MemeStore - a Design

The MemeStore concept consists in using traits, as in personality traits, in the storing of data or memories, to build a knowledge base as a weighted graph. The design of the MemeStore is targeted towards multicore computers. Most of the cores are dedicated to memory store bots.

MemeStore - a Design on Multicore Computers

The MemeStore concept is based on the way humans and animals store memories.
MemeStore is an adaptive knowledge base, which may be given a personality, through
the use of personality traits.

The whole concept is based on animals who evolved, with the imperative to survive and
reproduce. These imperatives are controlled through hormones and memories, creating
attractions and aversions -- related to danger and safety, danger being anything to do with
predation or any other type of harm; and safety being food, shelter, play, and reproduction --
which are stored as memories, and then drive certain types of behaviour; or predispose
the animal to certain types of behaviour -- see Memestore - a Knowledge Base.

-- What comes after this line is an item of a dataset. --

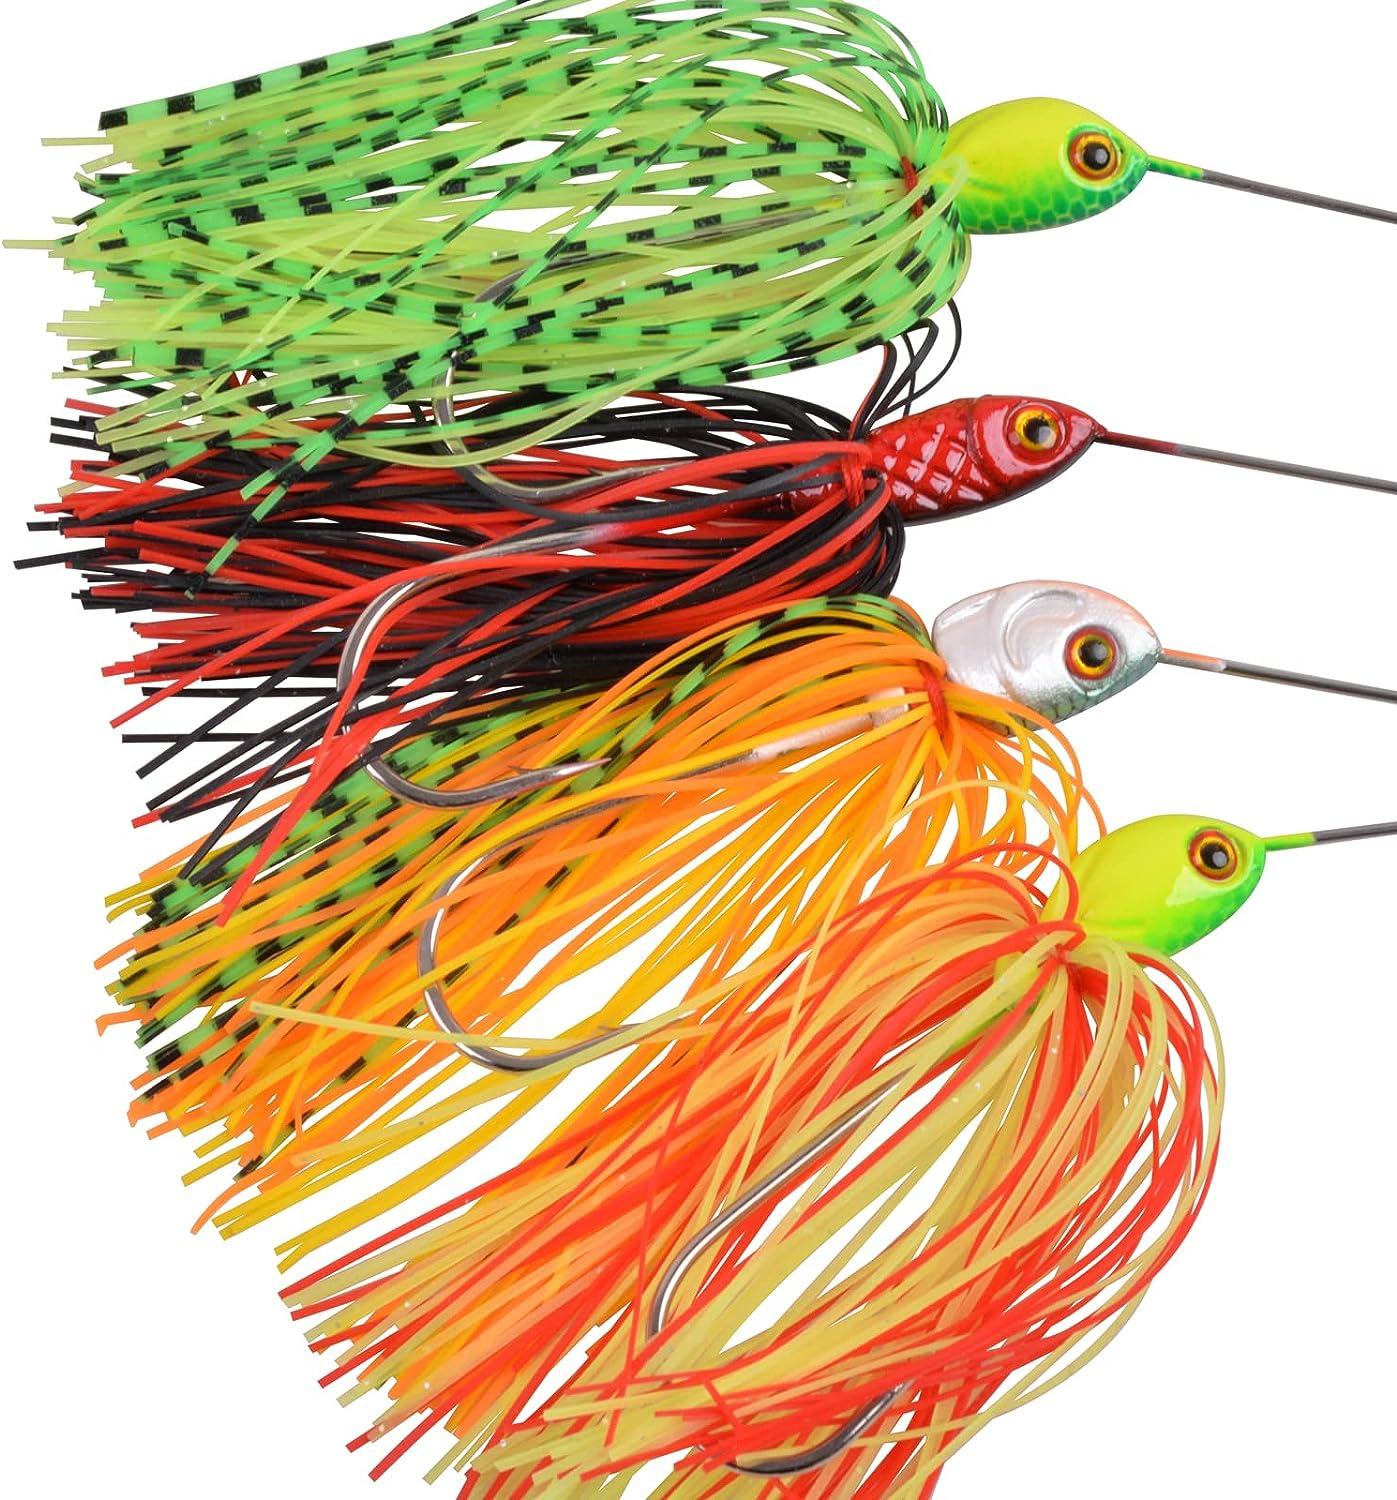 Fishing Lures Spinnerbait, Bass Fishing Lure Spinner Baits Kit Hard Metal  Multicolor Buzzbait Spinnerbait Jigs for Bass Pike Trout Salmon 6pcs  Spinnerbait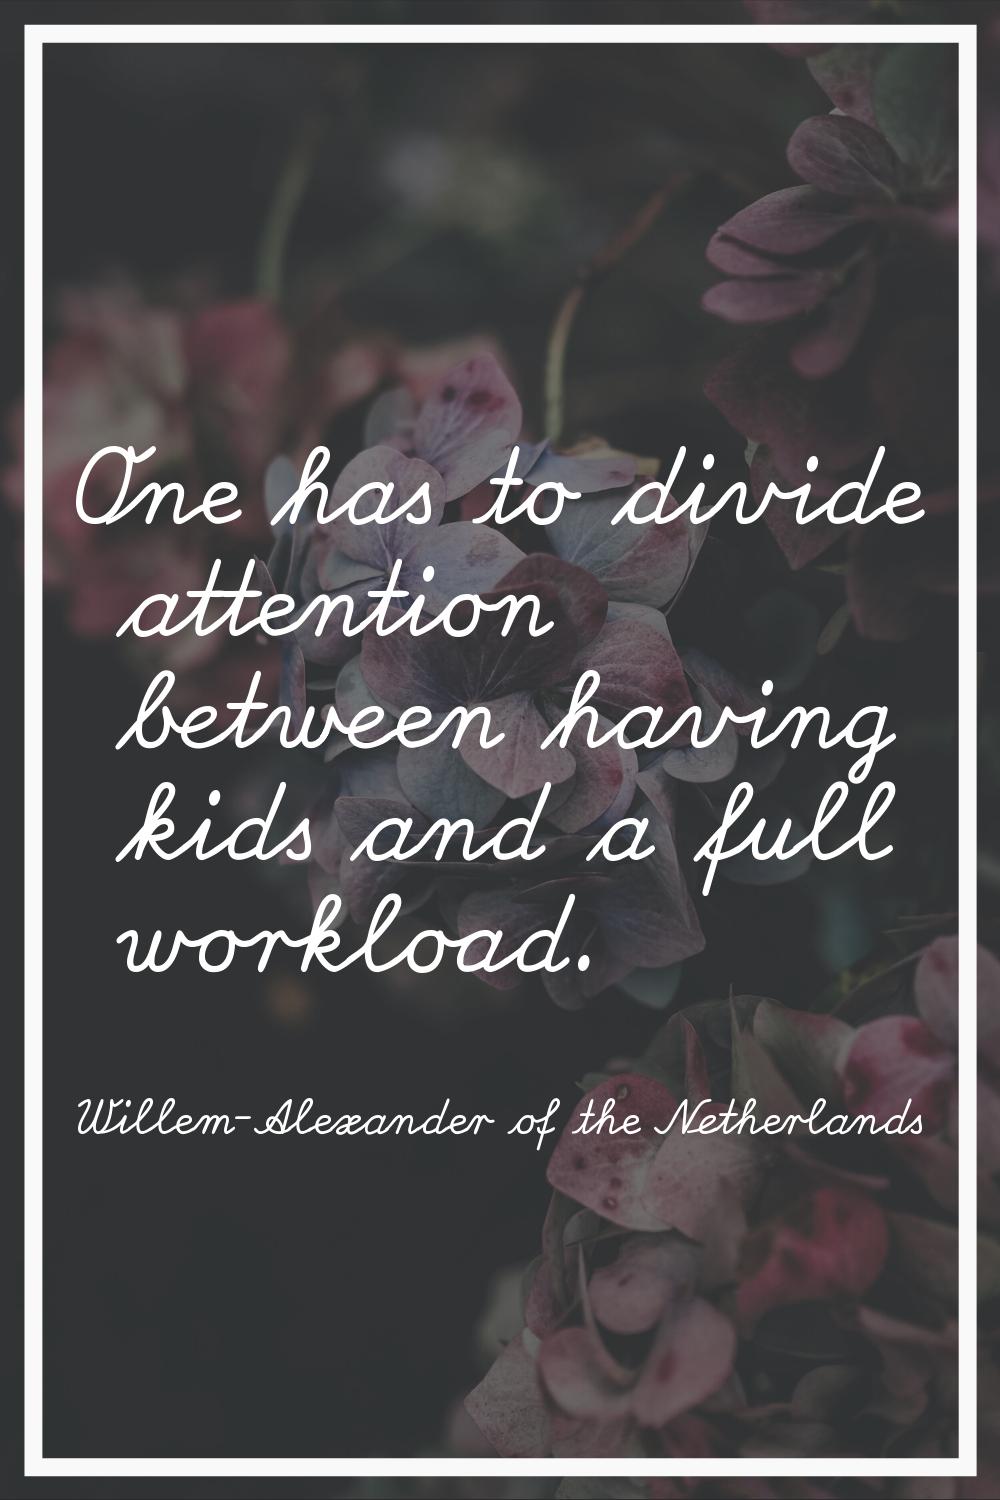 One has to divide attention between having kids and a full workload.

Memestore running on a 30/40 Core Computer with 64G of Memory

18/28 graph traversal bots with one per core.
1 million word/node knowledge base.
500/1000 bytes/node =>
1 Gigabyte - Maximum 10G.
1 Gigabyte for visualization data - Maximum 10G.
1 Gigabyte as working scratch memory - Maximum 10G.
12 Memestore Modules:
        graph traversal,
        character recognition,
        semantic command mapper,
        memory trails,
        memory stores,
        personality traits/attributes,
        reward system,

Module 1 - Graph Toolkit

Graph library to build the knowledge base.
Granular locks are used to lock sections of the graph.
        word(char,64), concept(uint),
        locale(uint), type(uint/isa,hasa,etc.),
        weight(uint), like(uint), dislike(uint),
        vertex(uint,200/1000), search-vertex(uint)

Module 2 - OCR and Vision

A way to read characters using a character recognition engine (OCR),
The vision part of this module, consist of a hardware and software system,
which is able to identify living and non-living entities; as well as, perceive
and understand a living entity's behaviour and its reactions to stimuli.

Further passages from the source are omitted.